А между тем, в одну из осенних ночей, помню очень хорошо, что я проснулся. В сакле одна темнота. Лежа на спине, я как-то поворотил голову налево и вижу ясно: рядом со мною с левой стороны лежит голое, мертвое тело Заура. Я был совершенно спокоен; три раза отворачивал и поворачивал к нему свою голову, смотрел на него, видел его одного только ясно от головы до ног и, чтобы удостовериться, что это не сон, левой рукой своей гладил его по его телу, которого кожа казалась мне чрезвычайно нежною. Поворачивая налево свою голову в 4-й раз, я ничего не встретил, кроме темноты; видение исчезло; я был покоен; не спал до утра и, душевно скорбя о его судьбе, молился о спасении его души.

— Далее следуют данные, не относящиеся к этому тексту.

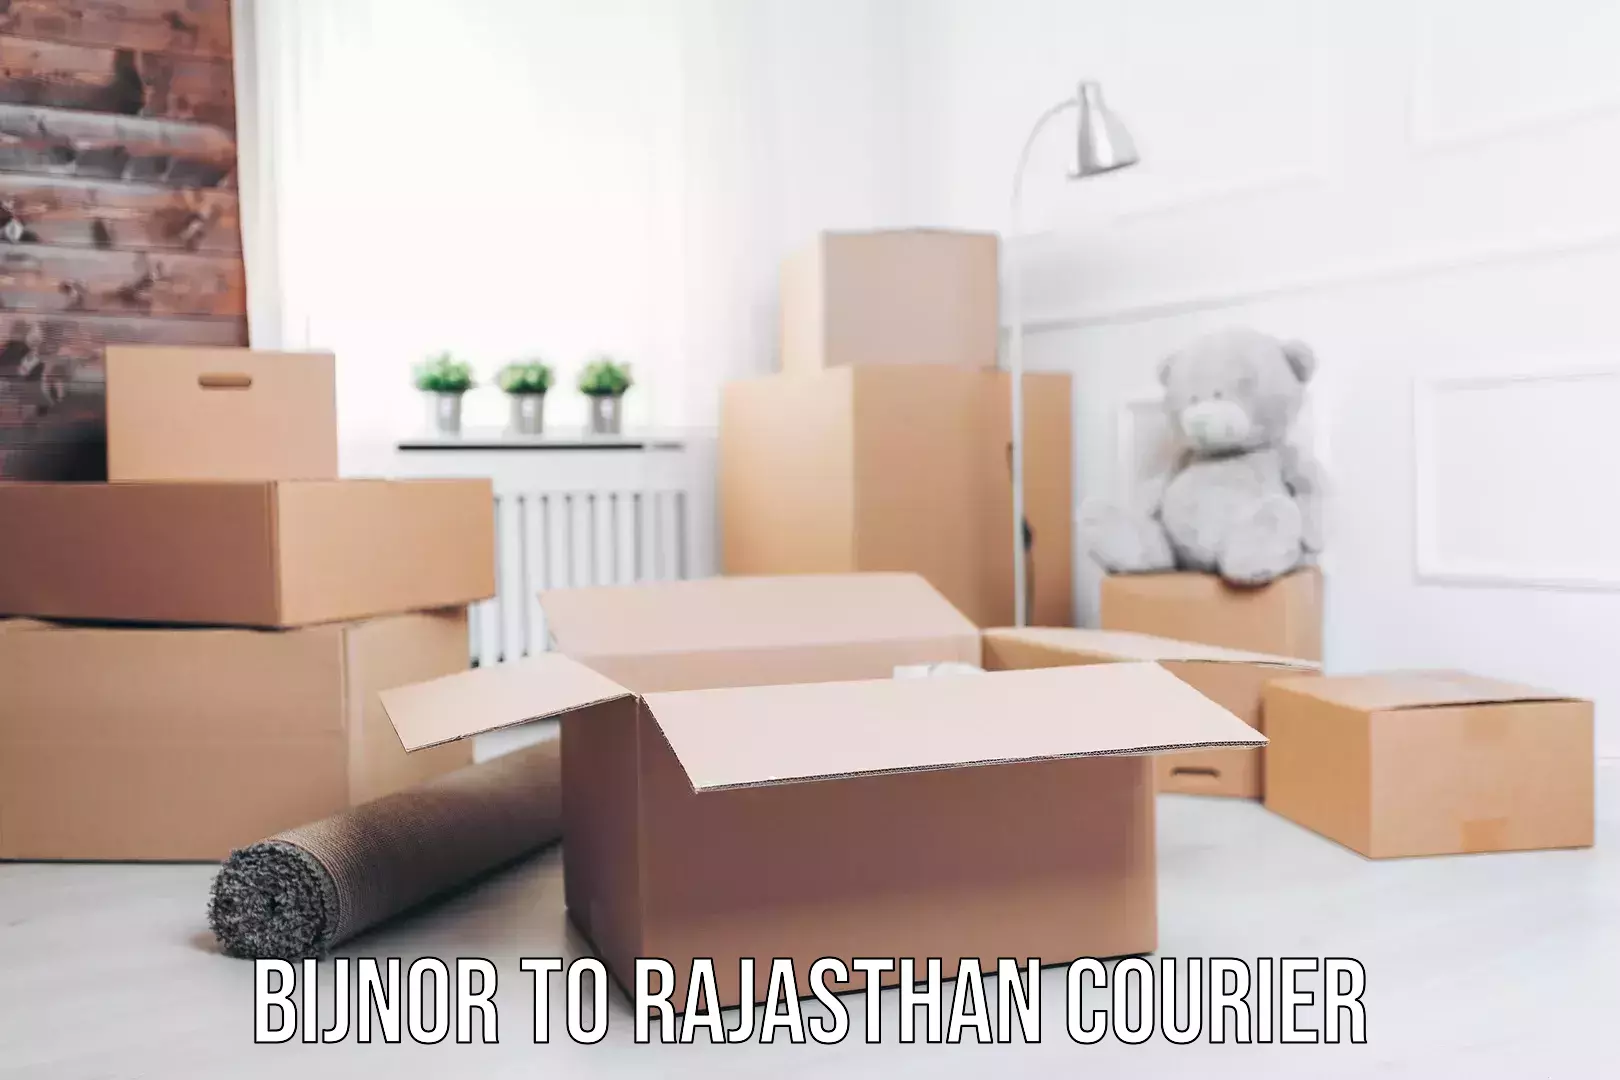 Courier service innovation Bijnor to Rajasthan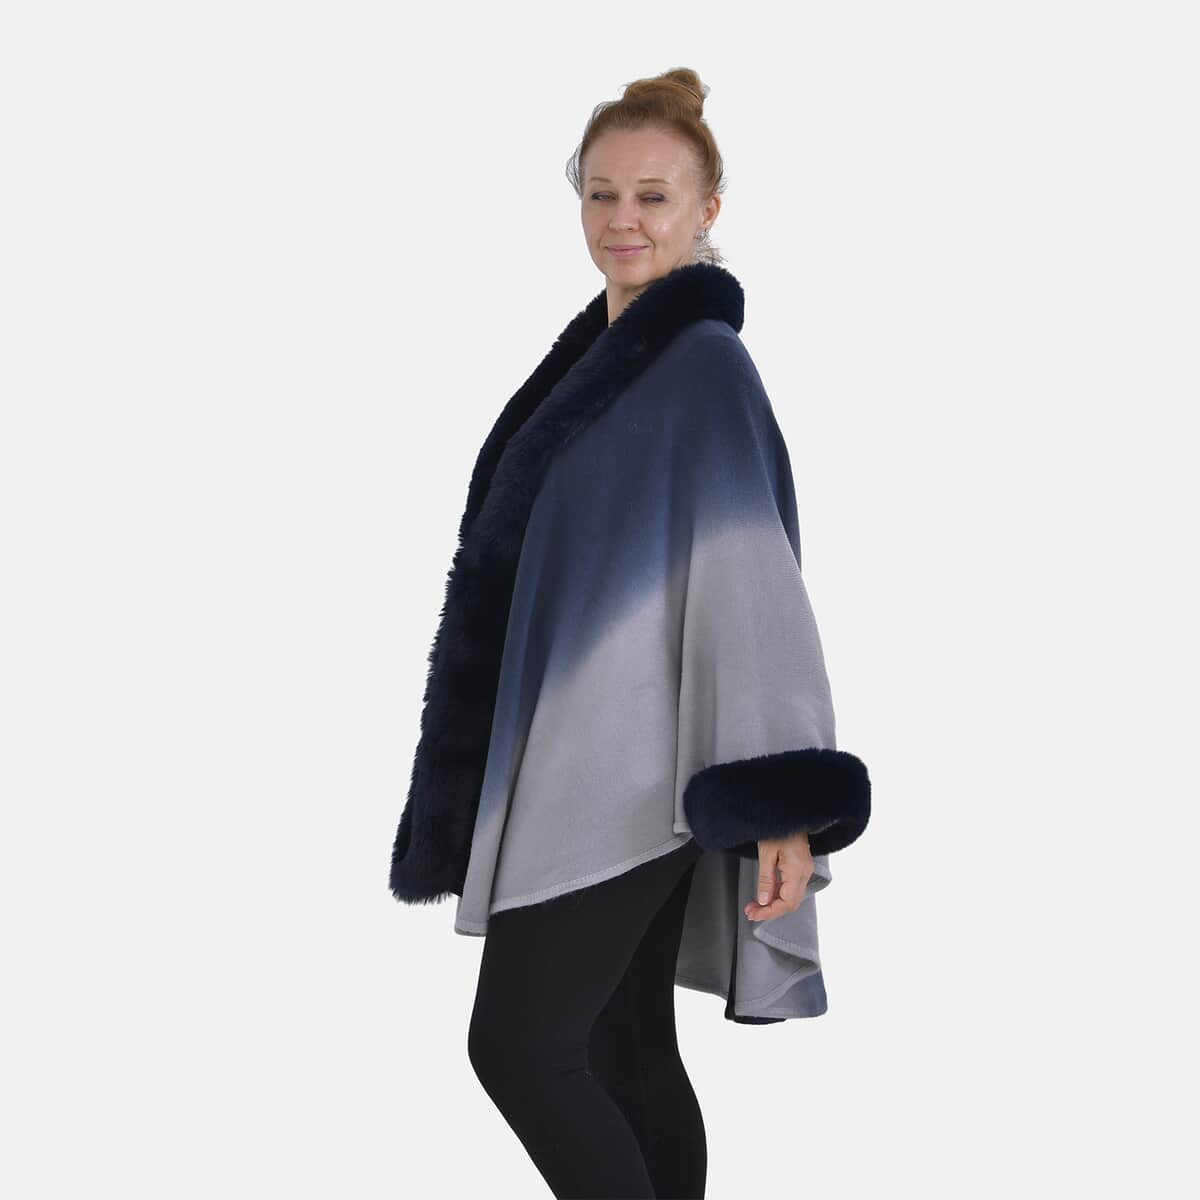 Tamsy Blue Ombre Cape with Faux Fur Trim - One Size Fits Most image number 2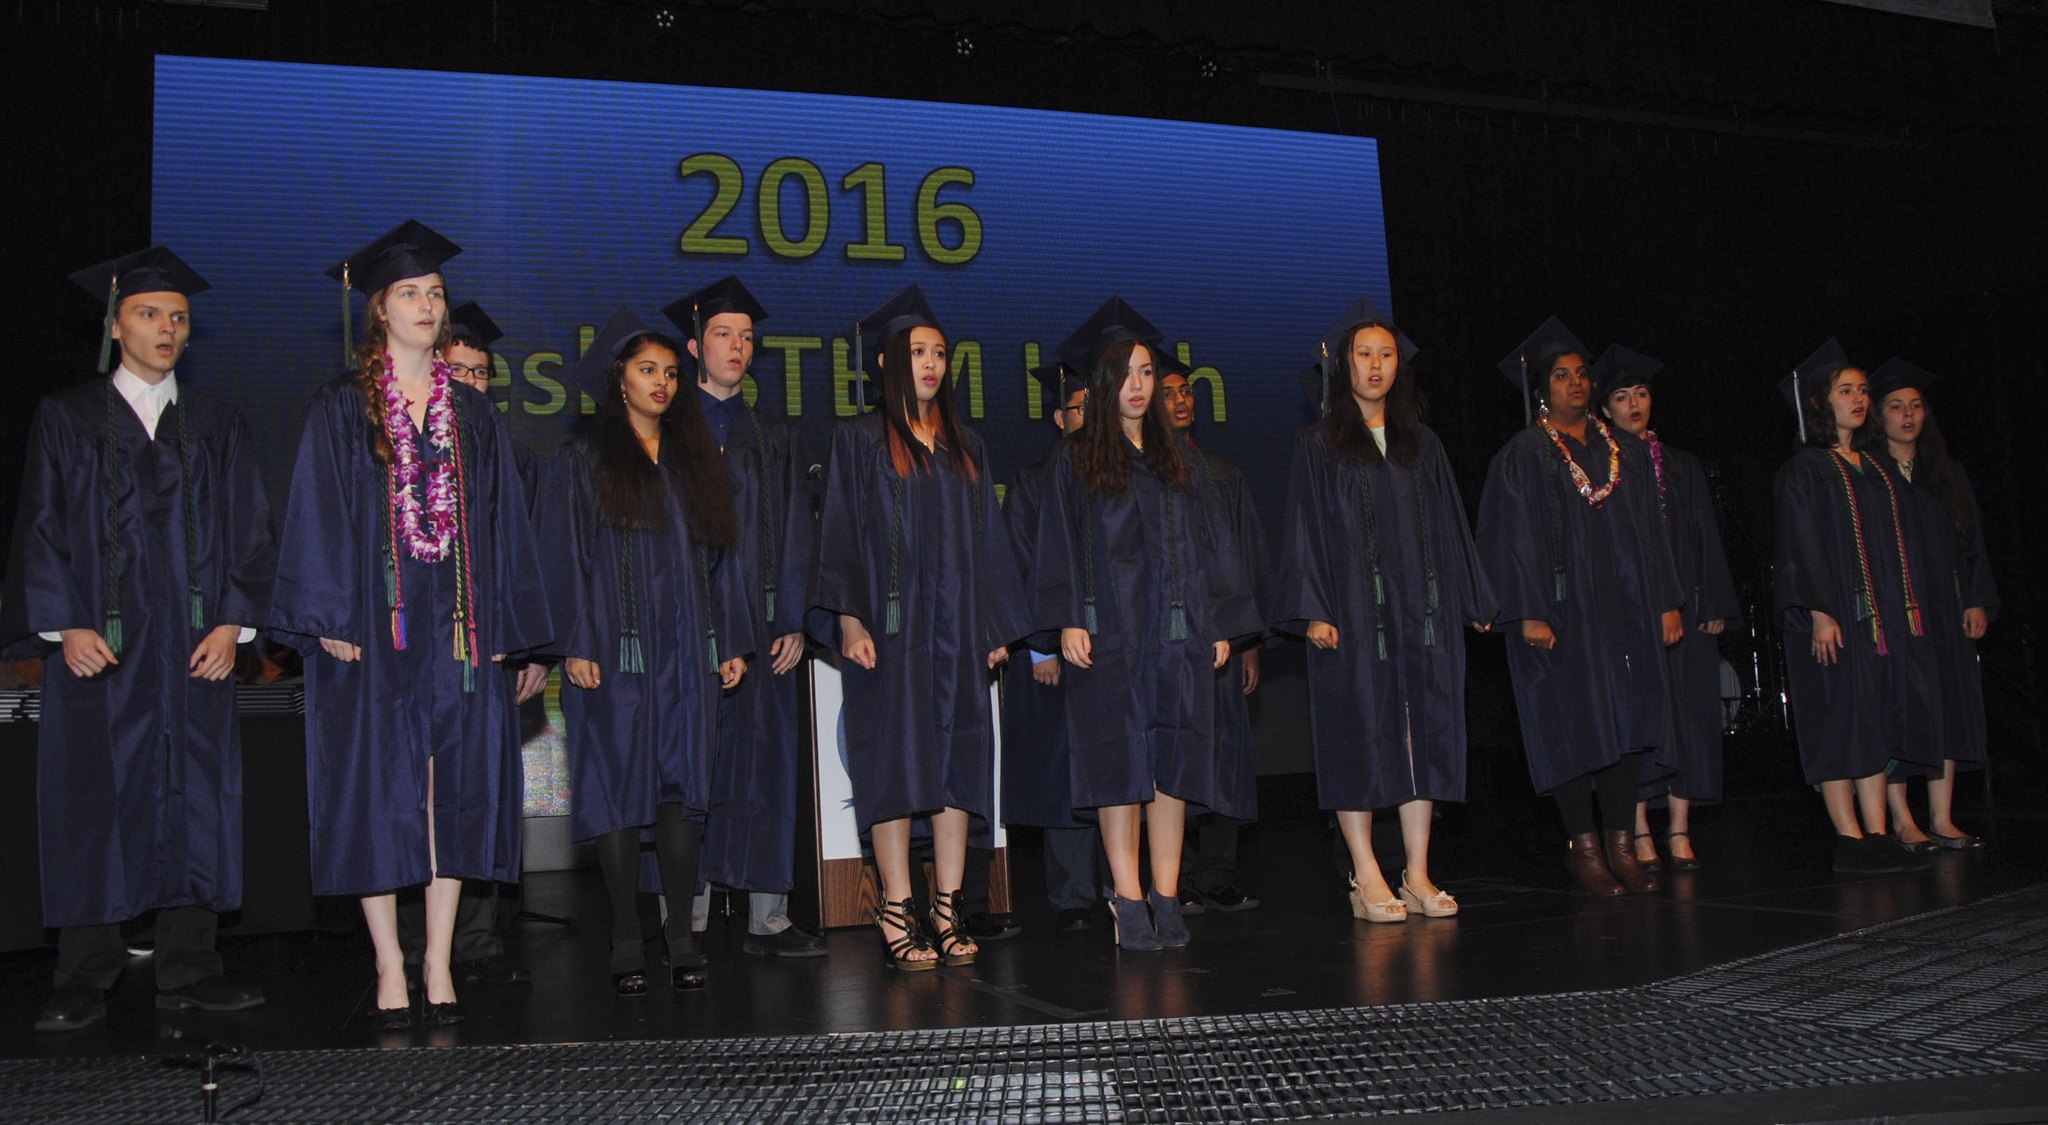 Tesla STEM High School graduates take the stage during their commencement. Courtesy of gradimages.com

Заур пользовался в ауле славою отличного человека, и нет сомнения, что весть об его кончине была горестна для многих. Самое требование тел и костей умерших было или вследствие недоверия к слухам, или из видов Тарама; но, сколько я замечал, последний был грустен и усердно молился. Смерть Заура скрывали от меня в величайшей тайне и сказали о ней только накануне моего отбытия; но это для меня была не новость. Скрыты были также от меня и дальнейшие условия Тарама.

В конце ноября или в начале декабря, в один день, прилетал ко мне три раза очень красивый мотылек. Каждый раз он направлял полет свой к моим ногам, рукам, голове и постели и потом улетал. После третьего разу более не являлся; но я в высшей степени рад был этому милому гостю, который мне казался вестником освобождения.

Прошло около 6 месяцев со времени освобождения Ивановых и почти два с половиною года плена. Зима была в половине, суровая, со снегом и морозами.

В один день, рано утром, вошли ко мне несколько чеченцев; сняв с шеи цепь и сказав, что сегодня должны меня везти на размен в Грозную, просили встать, выйти из сакли и сесть на сани, которые стояли у дома, чтобы свезти меня в Гельдиген (аул в трех верстах от Оспан-юрта), в кузницу снять кандалы.

Я не пошевелился.

На ногах у меня было двое тяжелых кандалов; наготу мою прикрывала одна изорванная рубашка, да сверху внакидку наброшенный тулуп и — ни шапки, ни штанов, ни обуви; а на дворе мороз градусов 10 (по Реомюру).

Просили, убеждали ласково, кричали, наконец подняли меня на руки, завернули в бурку, вынесли и положили на сани. На дворе я видел много верховых лошадей, спешенных людей и наиба Талгика. Тарам оставался в избе.

Когда меня несли до саней, кто-то надел мне старый гадкий папах; я швырнул его оземь; еще раз надели, — еще он полетел; сделали тоже в третий раз — я опять бросил, и вышедший в это время Тарам с яростью бросился на меня с кинжалом. Народ его схватил, ввел в избу, и более я его не видал; его не пускали. Так и следовало: он не мог быть при народе равнодушным зрителем моих дерзостей, его поступки могли еще отсрочить размен, а при умерщвлении меня он бы сам погиб, если только освобождение мое — дело решенное: резня бы завязалась общая, родные пленных не стерпели бы потери семи правоверных мусульман за одного неверного христианина.

Но какой-то сметливый чеченец решил дело: показав, он надел мне на голову новый папах; быков погнали, и сани остановились у кузницы в Гельдигене. Я лежал неподвижен.

Просьбы не помогли, и меня снесли на руках в кузницу, сняли кандалы, совали в руки штаны, тщательно зачиненные, — я стоял как истукан. Штаны на меня надели чеченцы и подвязали веревочкой. Потом надели мне на ноги войлочные, обшитые козлом, сапоги азиатские и бурку.

Я молча повернулся, вышел и сел в сани. Между людьми поднялся крик: одни бранили, другие смеялись, третьи удивлялись.

Приехали к сакле. Я сам сошел с саней, вошел в свою избу и стал против камина; в нем горел большой огонь, а сакля была чисто подметена.